Author: Nick Bisley, La Trobe University

It took some time, but the United States has officially embraced a new approach toward Asia — the ‘Free and Open Indo-Pacific’ (FOIP) strategy. First named during US President Donald Trump’s speech at APEC in late 2017, the strategy remained little more than an idea for nearly 18 months. FOIP has finally been fleshed out through a US Department of Defense report released on 1 June as well as the actions of the United States in the region.

At first glance, the strategy looks like a slightly more muscular version of what the United States has been doing for many decades. Washington wants to retain its pre-eminent position in the region, and it aims to do so in broadly the same ways — through the pursuit of military primacy in tandem with an extensive array of better-networked alliances and strategic partnerships. This is not too far from what Hillary Clinton or Jeb Bush might have done had they won the US election in 2016.

The strategy is notable for explicating the United States’ approach to China. Washington’s China policy has long been described as ‘congagement’ — an awkward compromise in strategic thinking between engaging and containing China. But this administration plainly sees China as a threat that has to be seen off.

Given that Trump has long railed against what he thinks is the ‘free-ride’ that South Korea and Japan receive, many wondered what Trump might do with US policy in Asia. FOIP shows that, at least in its geopolitical dimensions, the United States is opting to maintain its long-term posture of primacy.

But this geopolitical strategy marks a break with the past because of its disconnect from economic policy. The stable and prosperous regional order of the past, centred around United States primacy, was made possible by strong alignment of economic and political interests. The United States played a central role not only as a keeper of the peace, but also as a key export market and source of FDI for the region.

China’s rise has re-aligned the strategic and economic interests in Asia. Most countries in the region have significantly greater trading relations with China than they do with the United States, although the United States remains a very significant source of investment. This does not mean that these countries will simply shift their allegiances from Washington to Beijing. But if Washington wants to continue to play a dominant role in Asia and to push back on China it has to recognise that its partners and allies no longer have as neatly linked interests as they had in the past.

This drove the Obama administration to make the Trans-Pacific Partnership (TPP) the centrepiece of its Asia rebalance. It was the means through which Washington was trying to reconnect the political and the economic in a world where China had become Asia’s top trading economy.

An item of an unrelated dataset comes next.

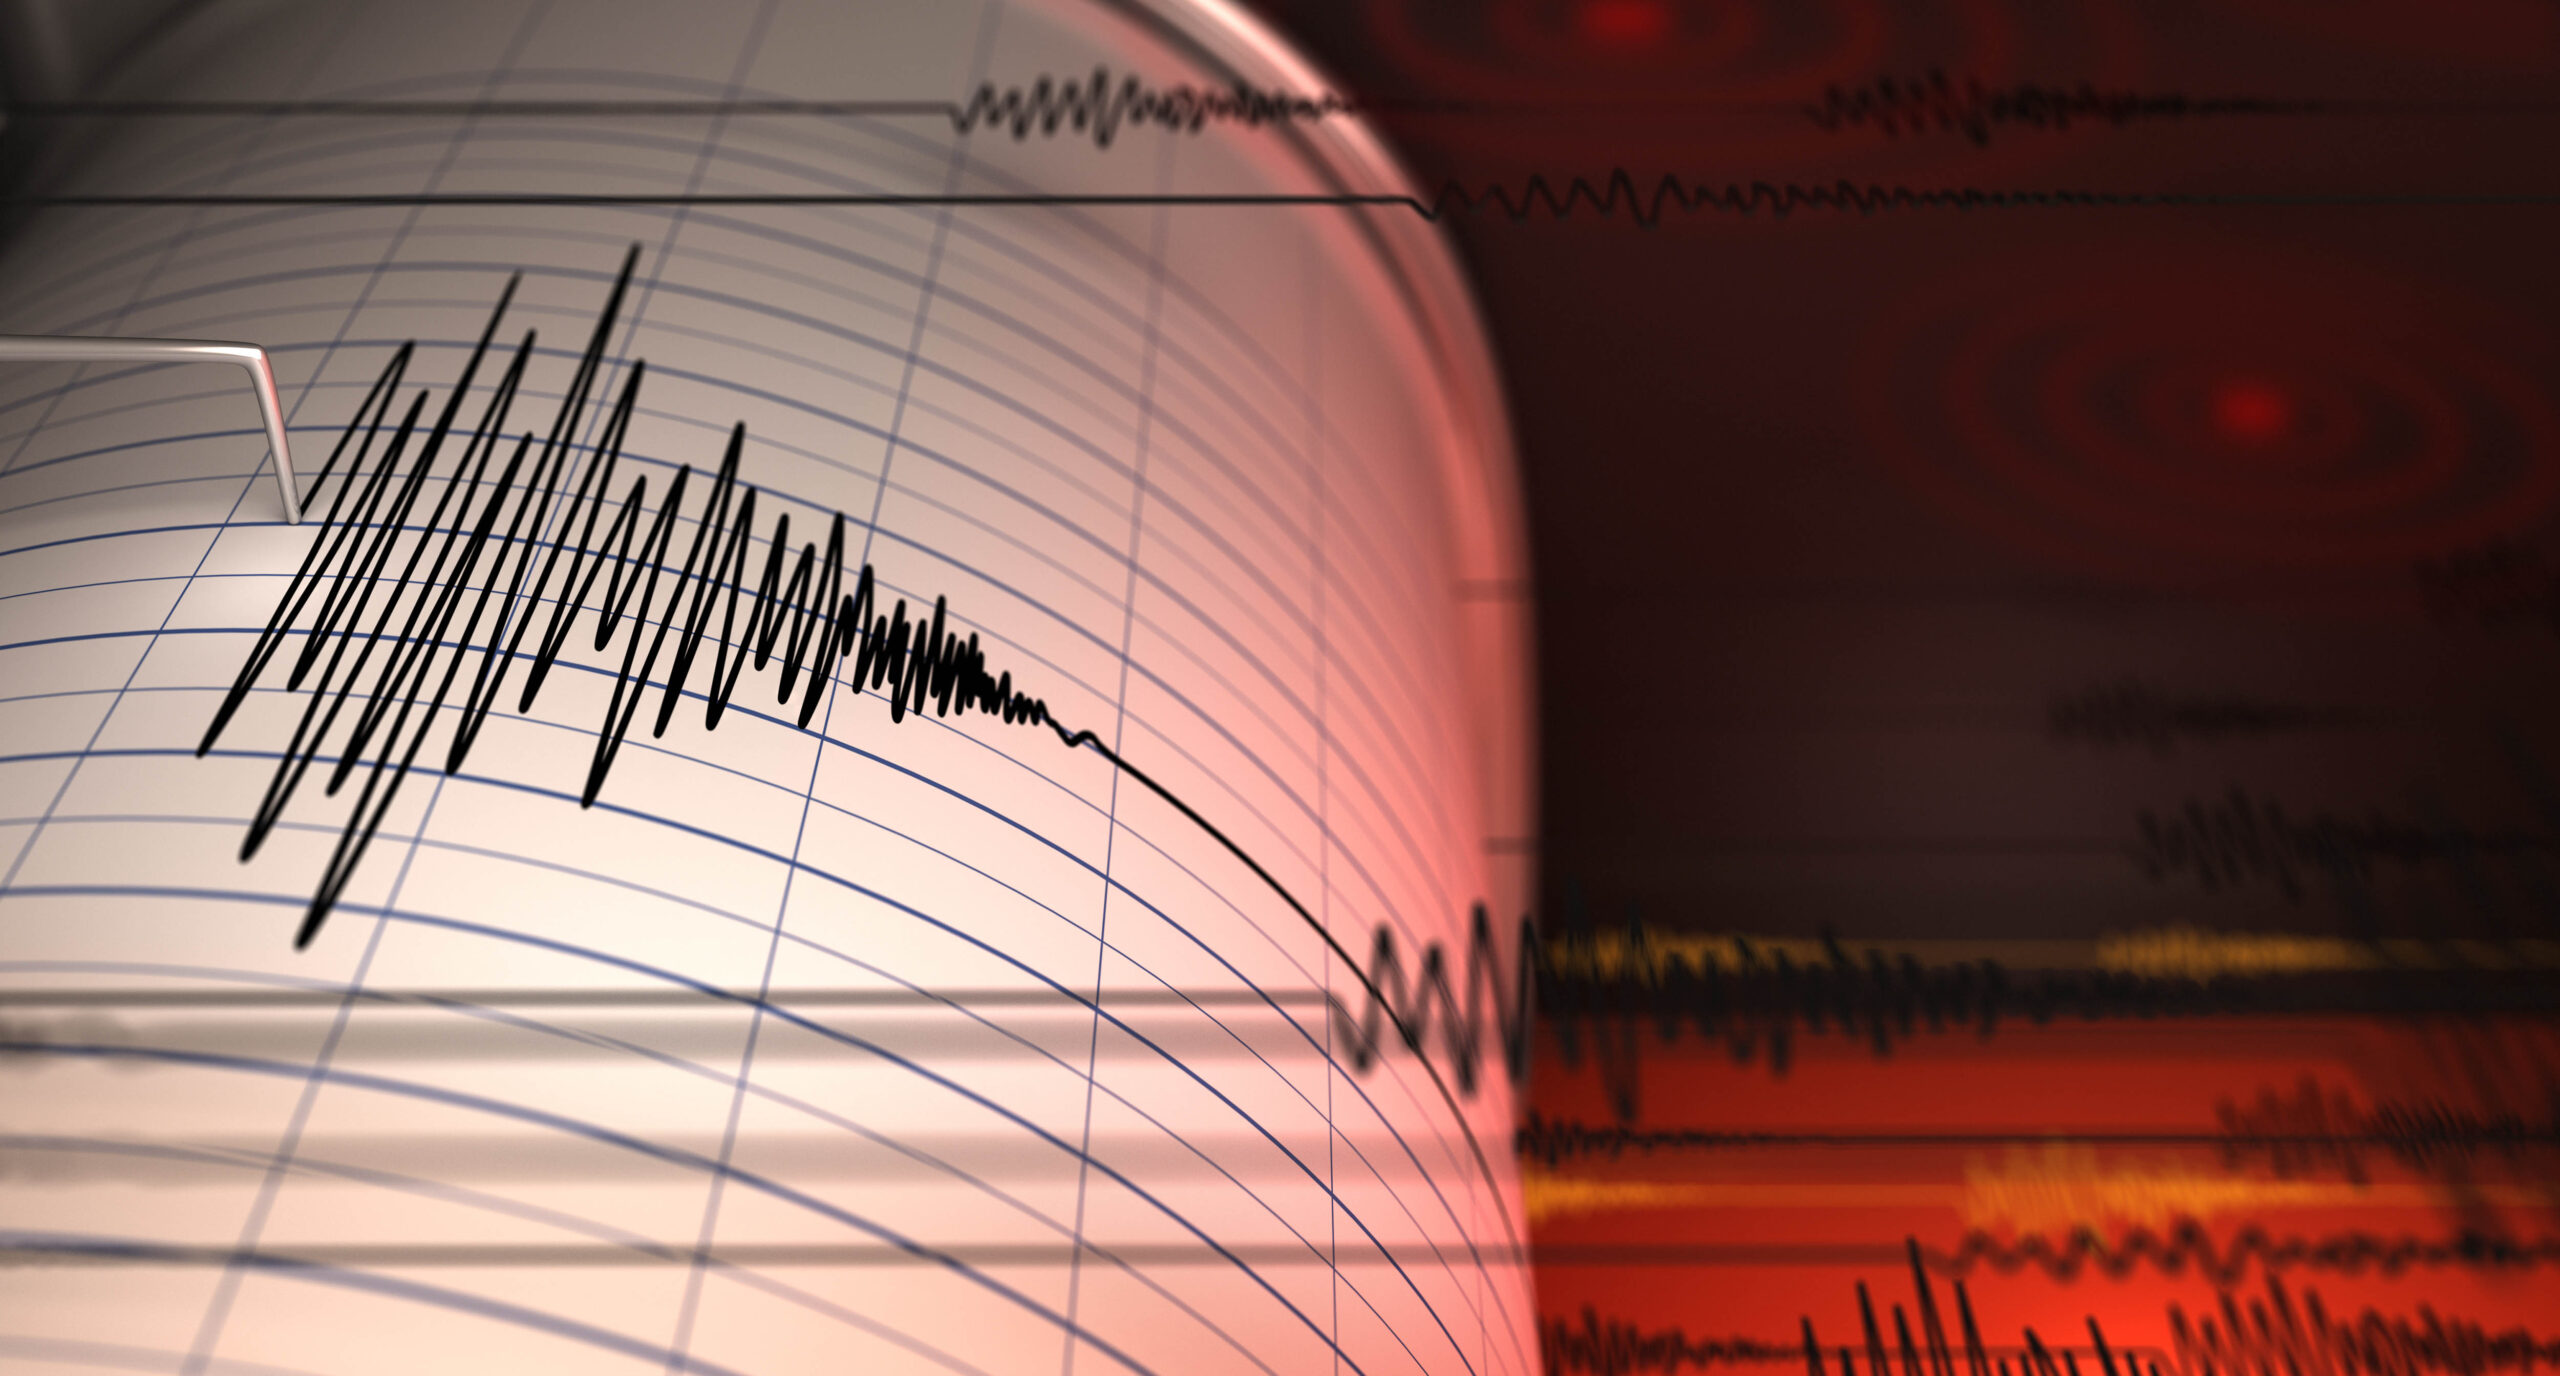 Terremoto de magnitud 7.6 sacude Indonesia y provoca daños en edificaciones

One of the very first acts of the Trump administration was to withdraw the United States from the TPP. But it is not just that the FOIP lacks an economic dimension. The crude mercantilism of Washington’s broader approach to trade in the region is discordant with the notion of a ‘free and open’ regional order.

The Trump administration is currently engaged in an escalating trade war with China. It has also placed significant tariffs on Japan, renegotiated its trade agreement with South Korea and imposed tariffs on Vietnam, a country that has been actively moving into Washington’s orbit. Washington has even mused openly about slapping tariffs on Australia.

Under this administration, trade and strategic policy operate on completely different vectors. This approach is out of step with the conceptual underpinnings of a ‘free and open’ regional order and badly misunderstands the intertwined nature of national interests in an era of globalisation.

The region now faces twin revisionist powers. China wants to re-organise the strategic order to become more Sino-centric. The United States is walking away from the positive-sum approach of the past seven decades and instead uses its economic might to drive short-term bargains in its favour.

Regional powers are trying to figure out how to respond to this twin revisionism. In the short term, they are hedging and trying to work out how long the tensions in US policy between the long-term forces of continuity and the short-term mercantilist instincts of Trump will last. The revitalisation of the TPP by regional powers shows initiative during complex times. Yet, the lesser powers remain subject to the growing turbulence…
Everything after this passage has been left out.